Paper long abstract:
Dispersed over 200 hamlets in Niigata prefecture, Echigo-Tsumari Art Field (ETAF) represents an innovative network of cultural institutions that collaborate with local people to fill farmland, unused homes and closed schools with art and cultural activity. This is one example of a growing number of regional regeneration "art projects" in post-growth Japan, meant to foster sustainable community development in the face of depopulation and rural-to-urban migration, which increasingly jeopardizes the conservation of cultural and natural heritage in peripheral localities. Drawing selectively from this rural heritage, ETAF designates an entire 760m2 region as its "museum"—a realm in which to imagine and model a future when, once again, "human beings are part of nature". This paper contextualizes such institutional narrative through a museological perspective by first, demonstrating how ETAF ideates and enacts heritage towards the reification of regional identity; and second, considering how this practice relates to national narratives of socio-ecological resilience. Ultimately, this paper questions how, in the process of leveraging cultural frameworks to imagine ecological futures, the past is also imagined.

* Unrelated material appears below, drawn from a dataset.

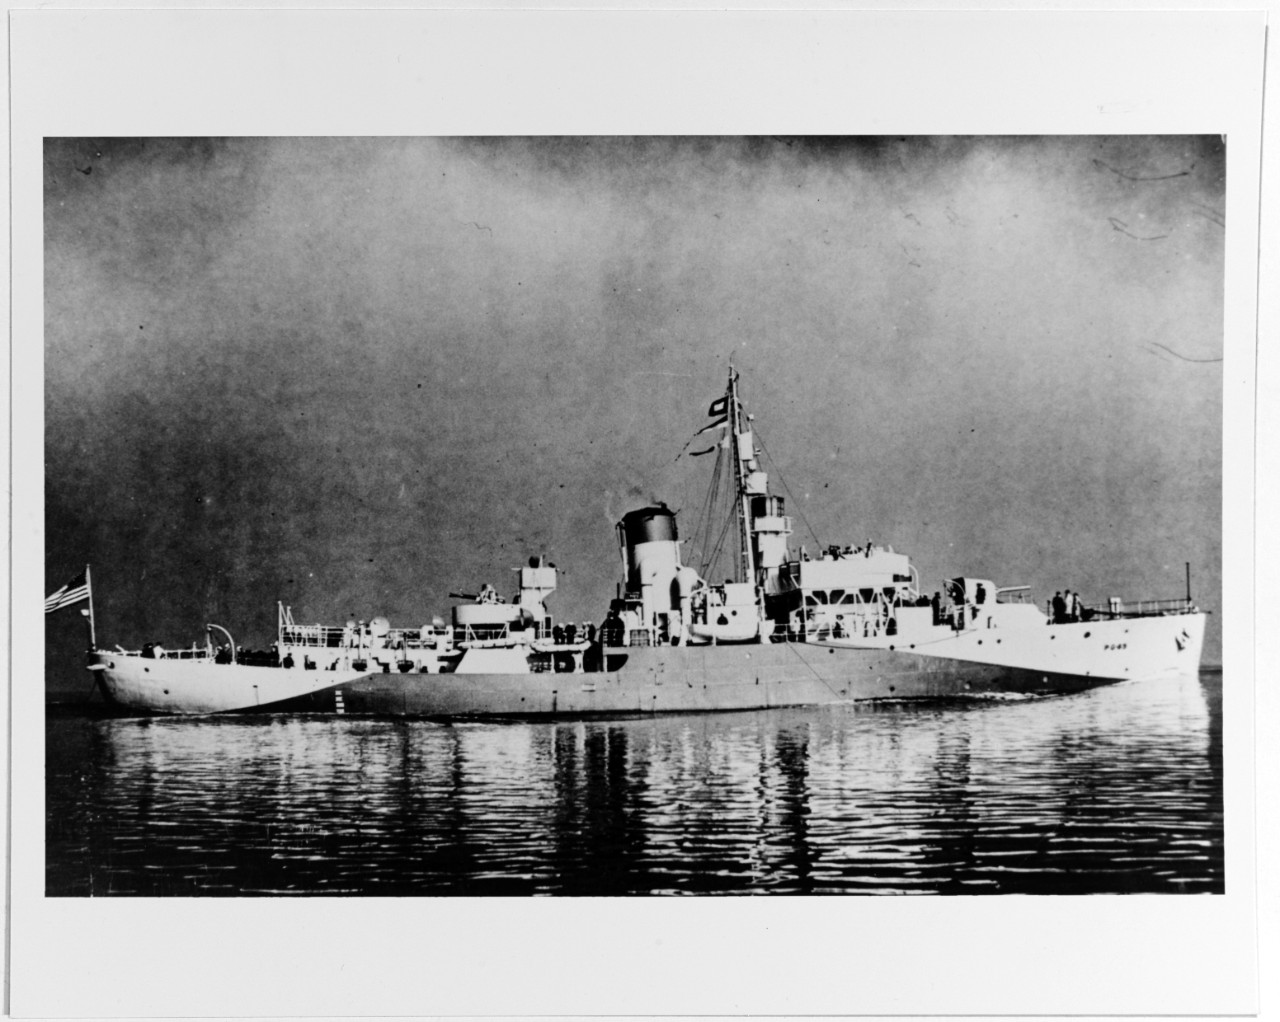 USS SAUCY (PG-65)

Embarking from ETAF's own institutional assertions—that "all of 'satoyama' [village mountain] is an art museum" and that "human beings are part of nature"—I employ a grounded theory approach in two key stages: an autoethnography and content analysis of interpretive materials gathered during participation in the 2018 Echigo-Tsumari Art Triennale. I demonstrate how ETAF enacts the lore of local climate and topography ("Snow Country"), encultured concepts of nature (satoyama), agricultural histories and prehistories (Jōmon archaeology) to weave a narrative of continued survival, becoming an expressive metaphor for overcoming contemporary socio-economic hardship in the region through cultural resources. Through this narrative, the art project becomes a normative medium for communicating and fostering pride in regional ecological identity. At the same time, this narrative imagines an idealized rural Japan: Drawing from the nostalgia of a selective past, ETAF infers characteristics of the region and its residents towards much hoped-for cultural continuity. I contextualize these findings within the museological literature—chiefly, the theory of "imagined communities" and "invented traditions"—to discuss historiographical precedent and the directionality of power in institutional reproductions of rural Japan.